Herbert Simon, a Nobel Prize Laureate, proposed his simpler alternative model in the mid-1950s. He called his model “Satisficing”. Satisficing is the term he used to imply a process by which consumers get approximately where they want to receive and then stop in their decision-making processes. In other words, they satisfy their want and then stop right there.

The Prospect Theory was developed in the late 1970s by two of the leading psychologists of that time. They were Daniel Daniel Kahneman and Amos Tversky. Their theory built upon the points raised in the Utility Theory and Satisficing Theory and solved many problems that the first two theories presented.
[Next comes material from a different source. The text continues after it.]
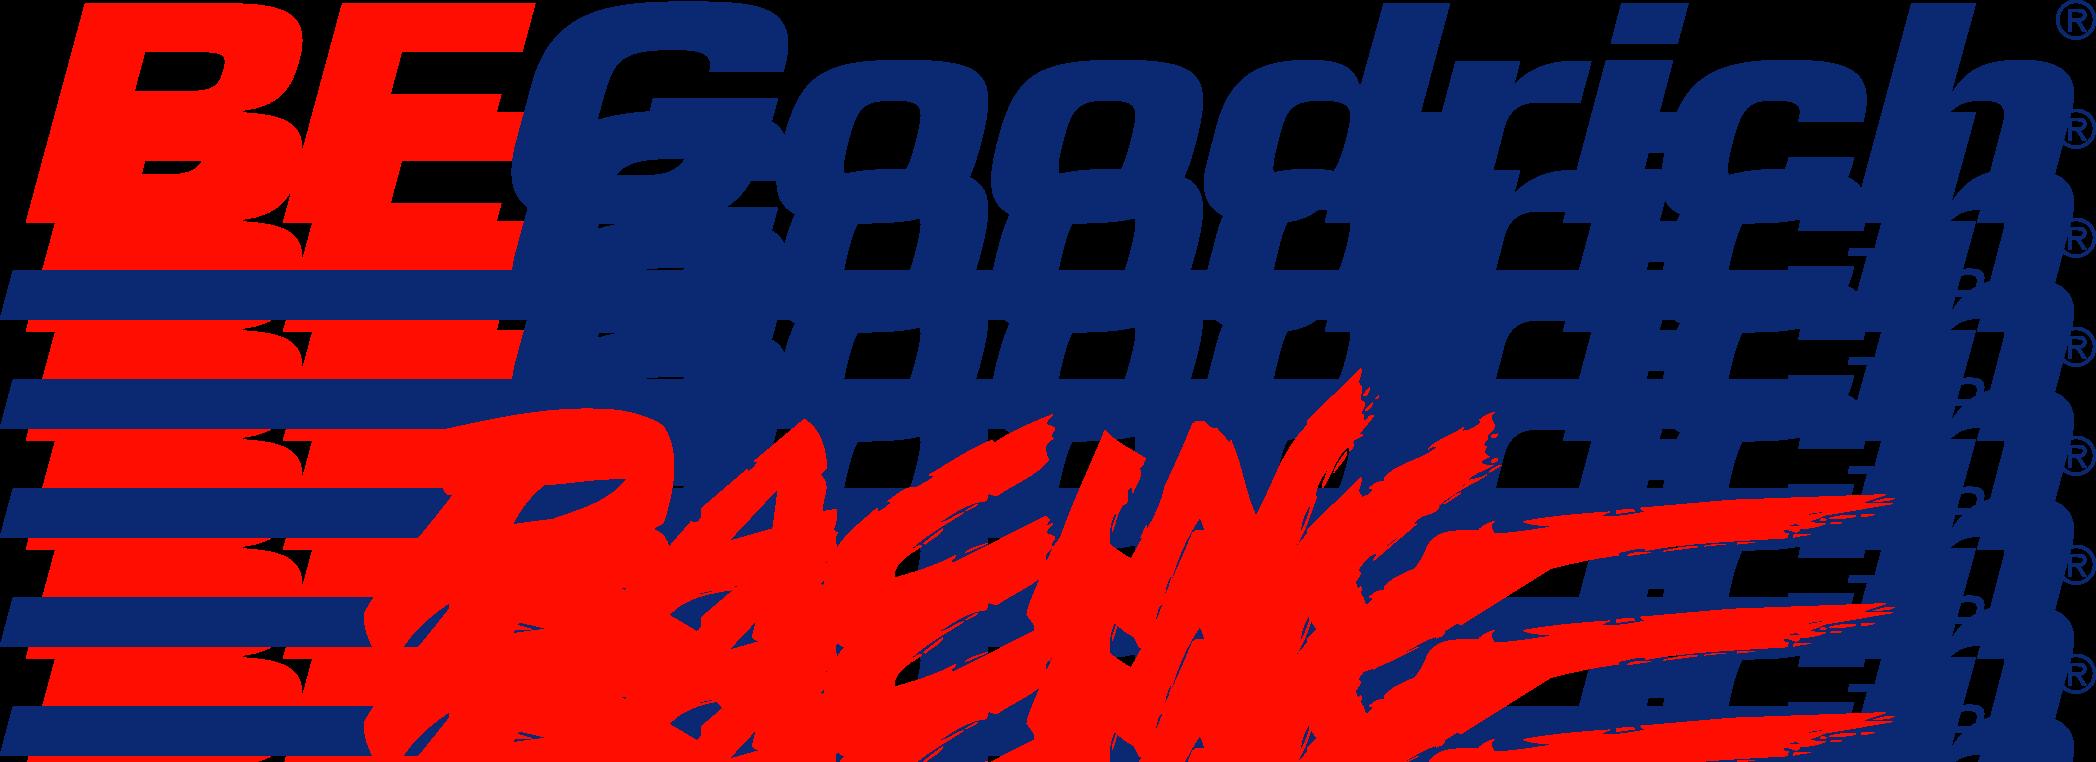 BFG racing

On the other hand, Ivan Petrovich Pavlov, a Russian psychologist in the early 1890s, first described the phenomenon now known as classical conditioning in his experiments with dogs and meat. In his original experiments, Dr Pavlov rang a bell then gave meat to a dog which salivated at the sight of the meat. After performing this conditioning enough times, the dog would salivate even without the meat so long as it hearts the bell. Need or motive, Attribute or Stimulus, Response or Behavior, and Reinforcement are the four elements of the Pavlovian model. Blackwell, Miniard and Engel (2001) have credited Pavlov as the father of classical conditioning. Classical conditioning is now a term associated with Ivan Pavlov and is still widely used in the context of consumer behaviour today.

Other major works in consumer behaviour involving psychology, economics, sociology and anthropology were developed by Nicosia (1966), Howard and Sheth (1969), and Engel, Kollat and Blackwell (1973). Marketers sought psychological explanations to better understand the process by which consumers make a purchase decision.
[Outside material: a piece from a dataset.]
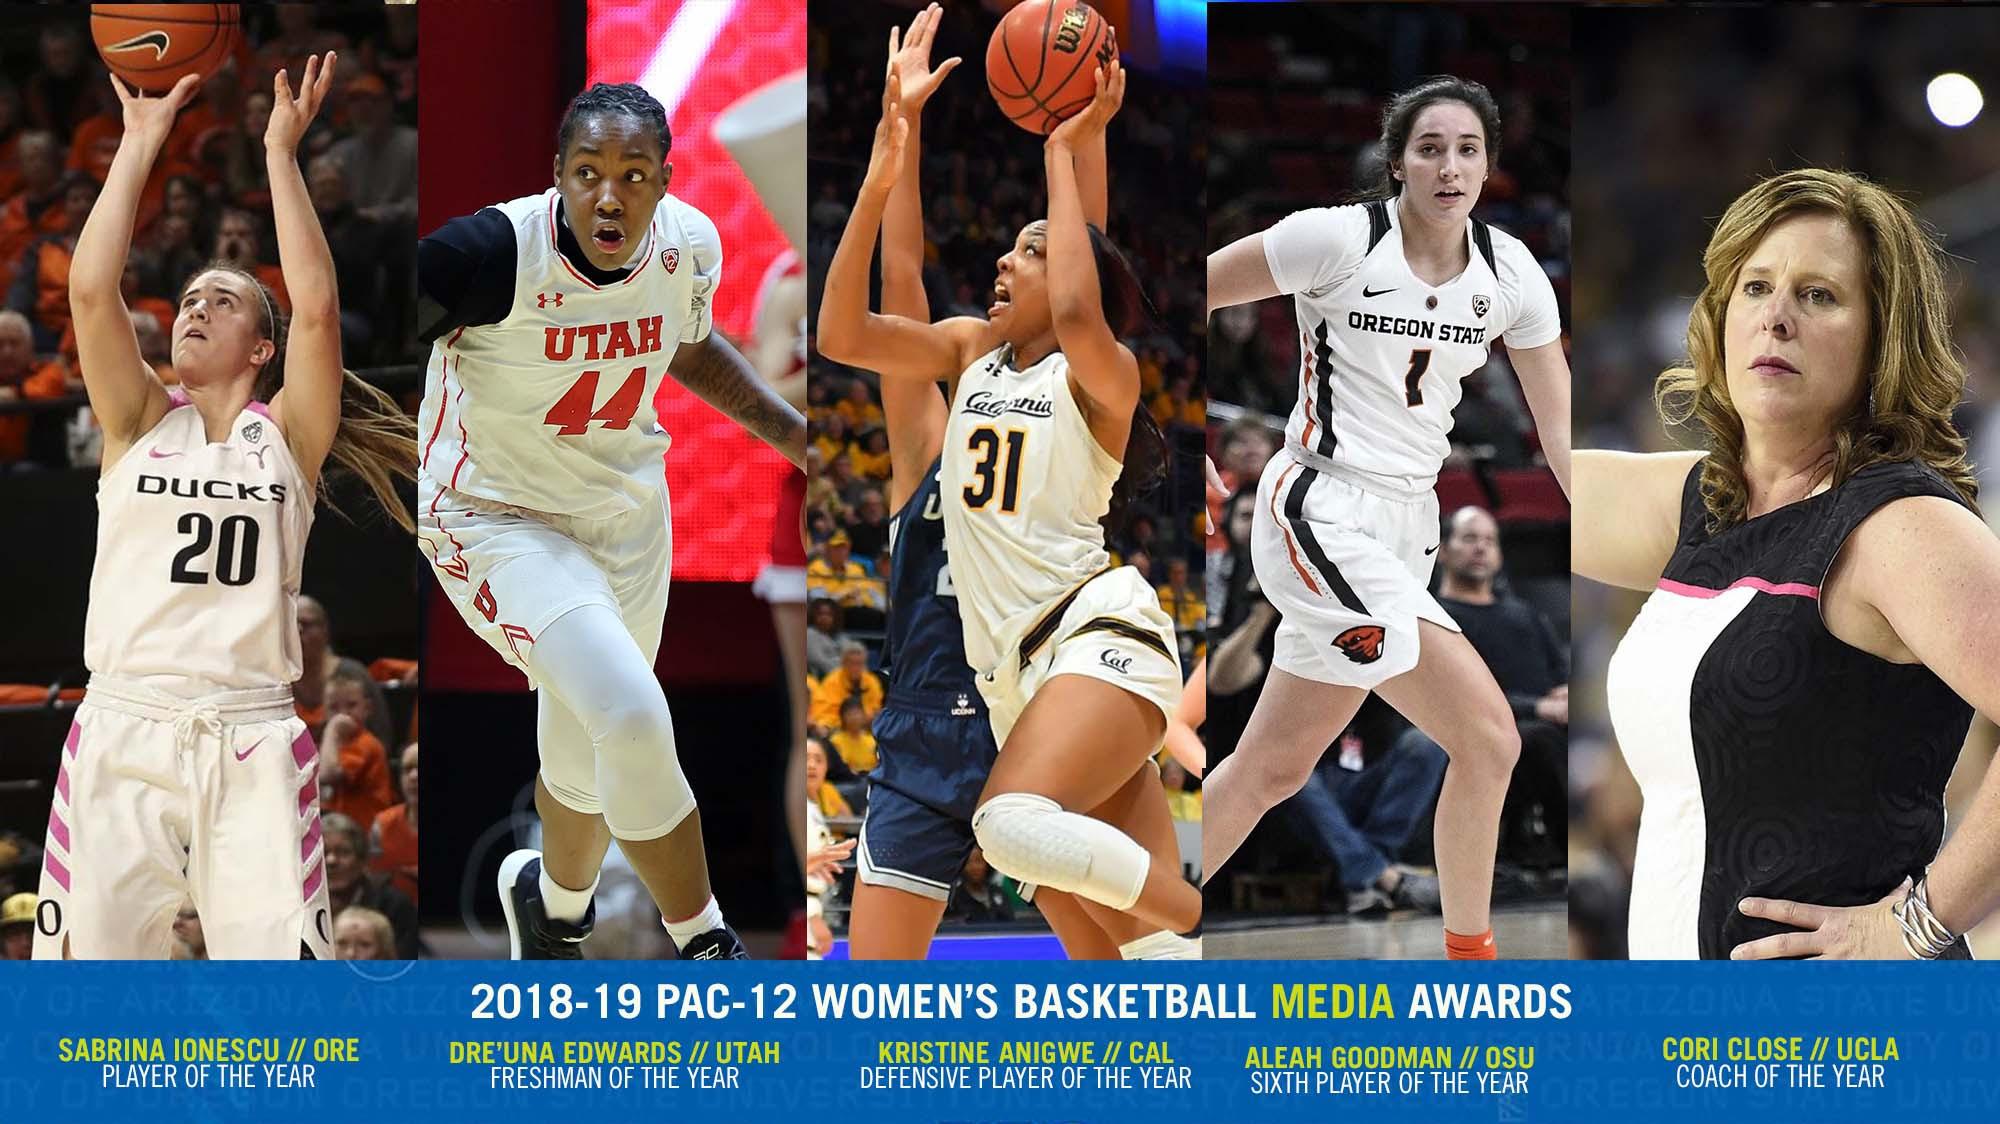 Pac-12 Postseason Awards announced: Media tab UCLA's Cori Close as Coach of the Year

Psychology has been a core discipline in marketing because it yields insights into the cognitive and emotional processes underlying human behaviour. Whether a purchase decision is chiefly based on rational or affective considerations, Statt (1997) asserts, it involves the existence of multiple possibilities to choose from, and they all bring into play the same psychological process of giving value in return for receiving a benefit or tangible value.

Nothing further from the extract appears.